Aneurysm occlusion
The efficacy of intracranial aneurysm treatment (long-term success or effectiveness of the treatment) is measured by evidence of the aneurysm obliteration (failure to be demonstrated by conventional or noninvasive angiography), without evidence of aneurysm recanalization (any blood flow into the aneurysm) or aneurysm recurrence (reappearance).
Despite advances in embolization devices, coiling of small intracranial aneurysms is still scrutinized. High occlusion rates are achievable, especially in unruptured aneurysms, with coil type and packing density suggesting an association with complete occlusion. Technical complications may be influenced by aneurysm geometry 1).

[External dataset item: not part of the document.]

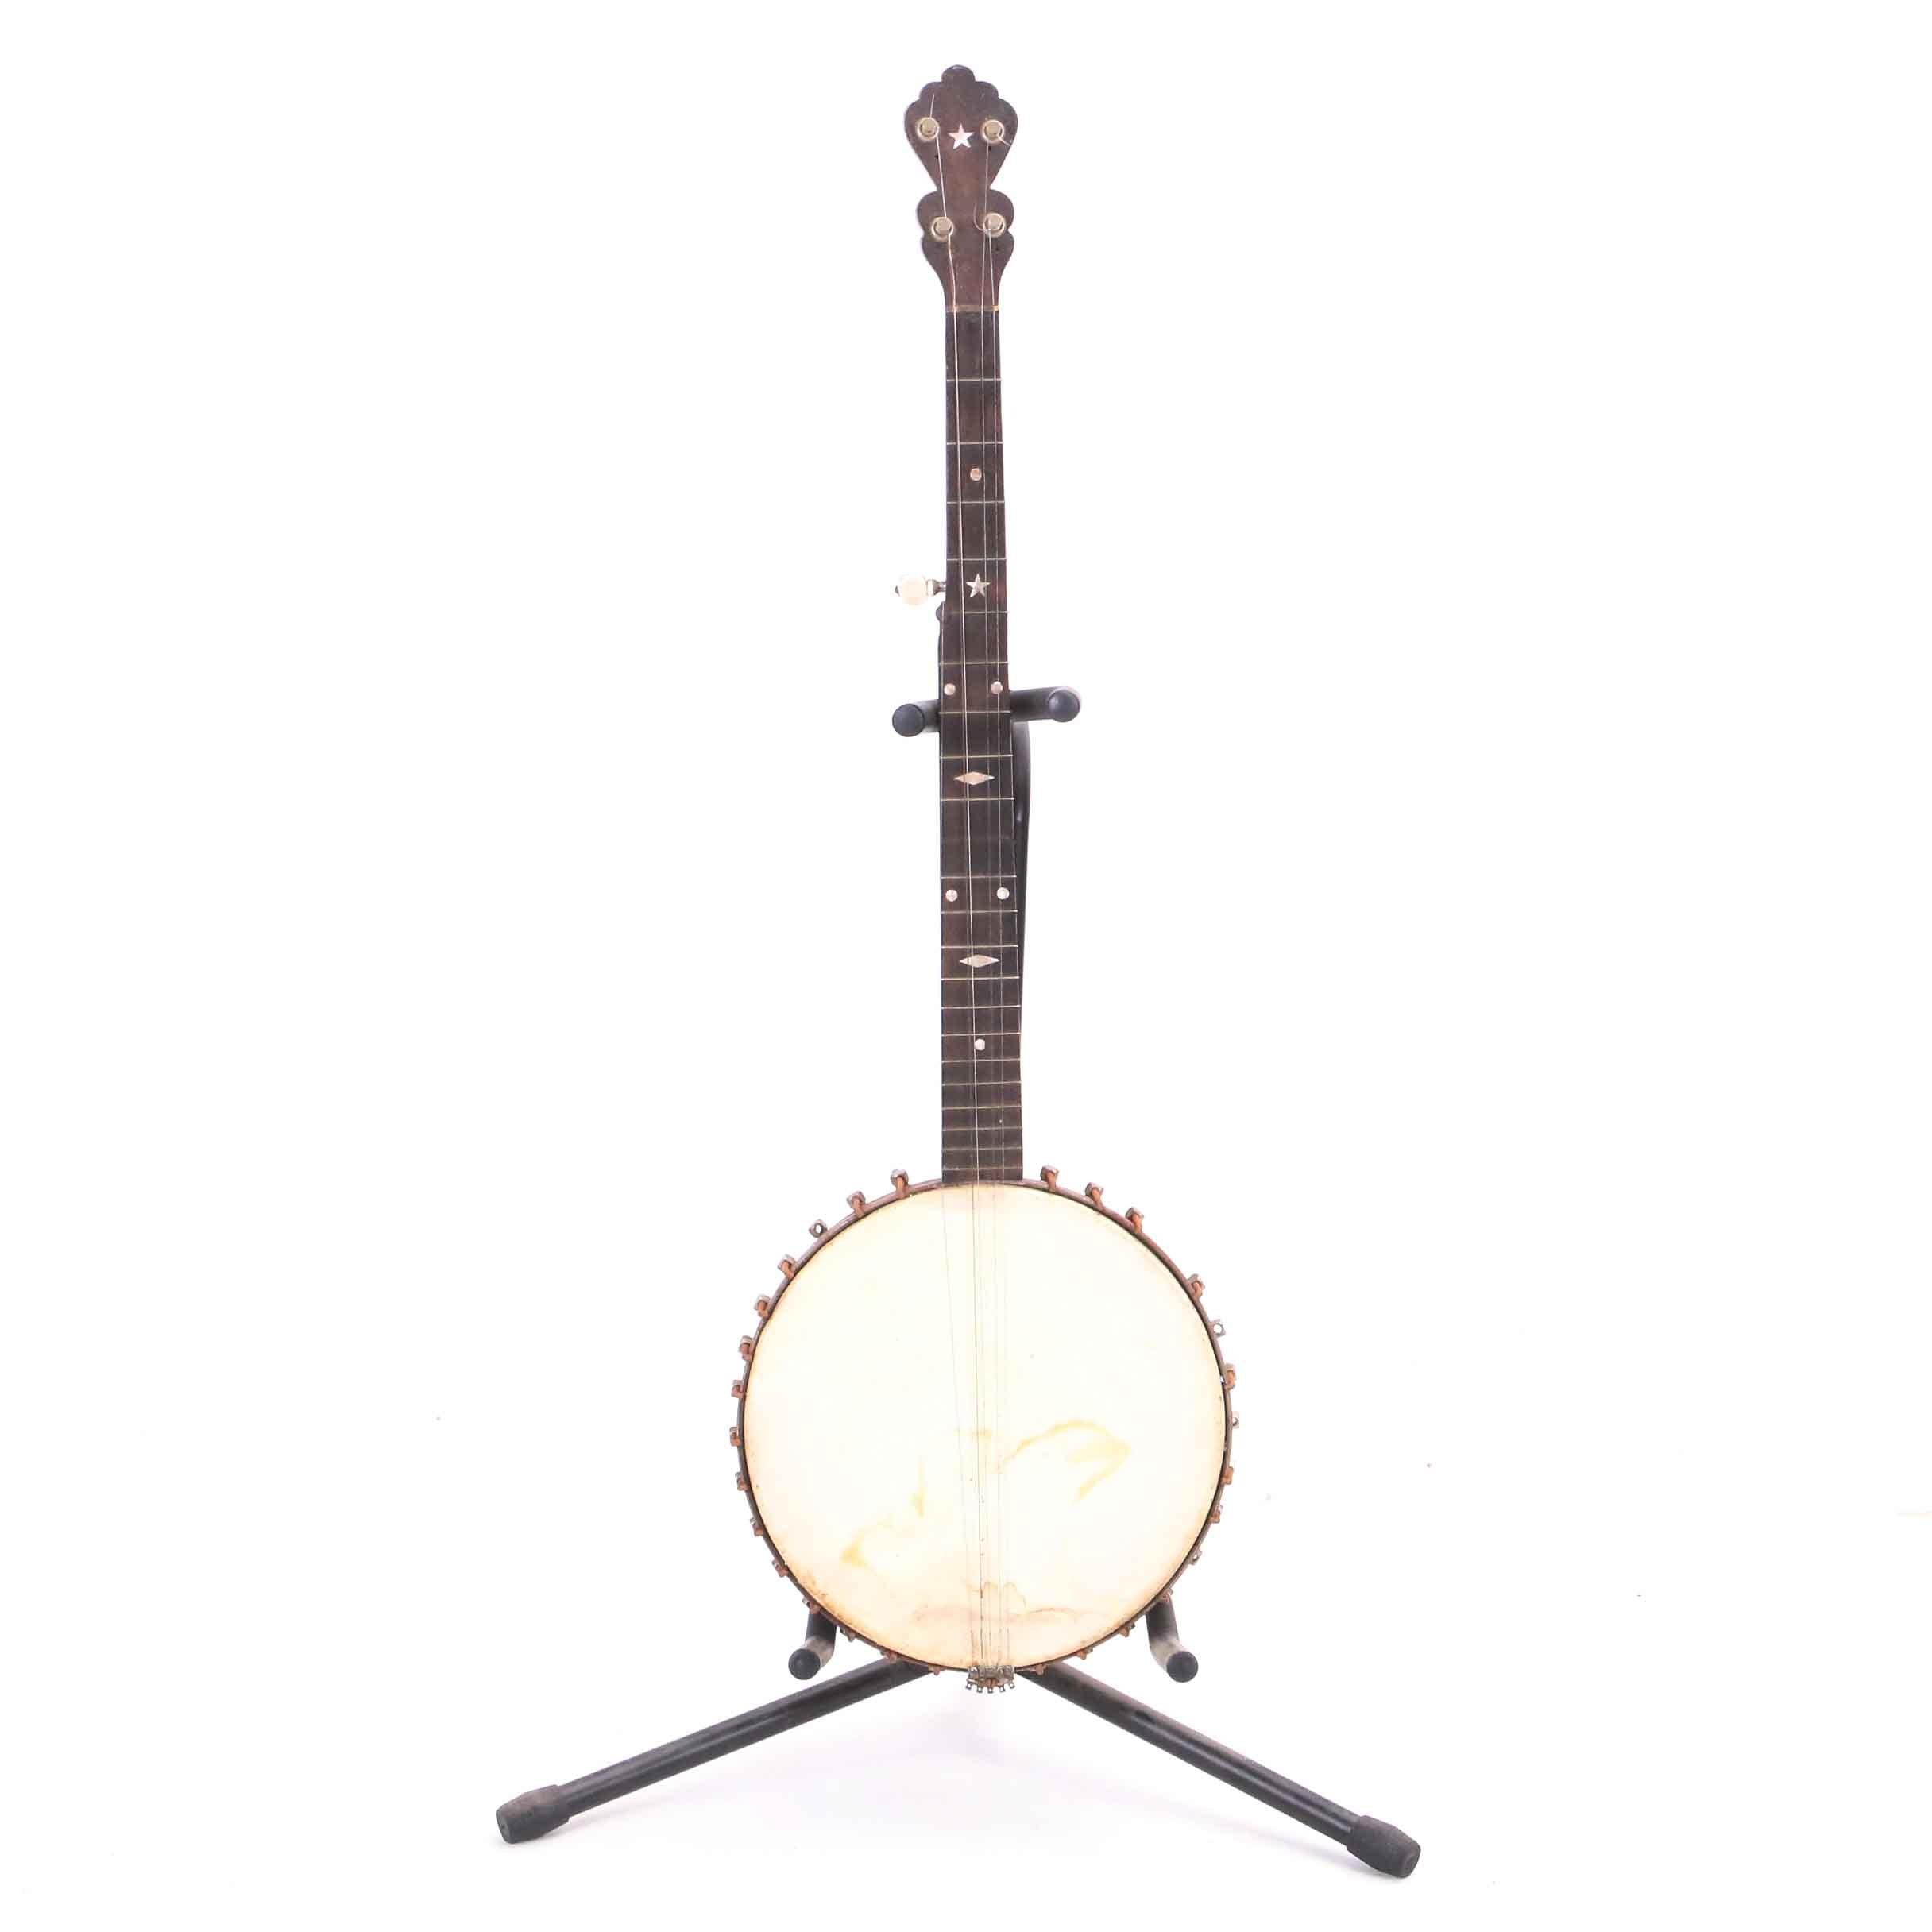 Vintage 5-String Banjo

Compared with pipeline embolization device (PED) alone, PED coiling could improve aneurysm occlusion. However, it could also increase the total complication risk, prolong procedure time, and increase the total cost. Compared with loose packing, dense packing did not enhance the treatment effectiveness but increased the treatment cost.
Clinical relevance statement: The additional treatment effect from coiling embolization declines sharply after a certain point. Specifically, the aneurysm occlusion rate is roughly stable when the coil number is greater than 3 or the total coil length is longer than 150 cm 2).
Aneurysm recanalization
Aneurysm recurrence
Residual aneurysm
De novo aneurysm
de novo aneurysm formation
Evidence of predictors for intracranial aneurysm occlusion after treatment with flow diverters is sparse. Current literature suggests that the absence of branch involvement, younger age, and aneurysm diameter have the highest impact on aneurysm occlusion after treatment with flow diverters. Large studies investigating high-quality data with well-defined inclusion criteria are needed for greater insight into flow diverter effectiveness 3).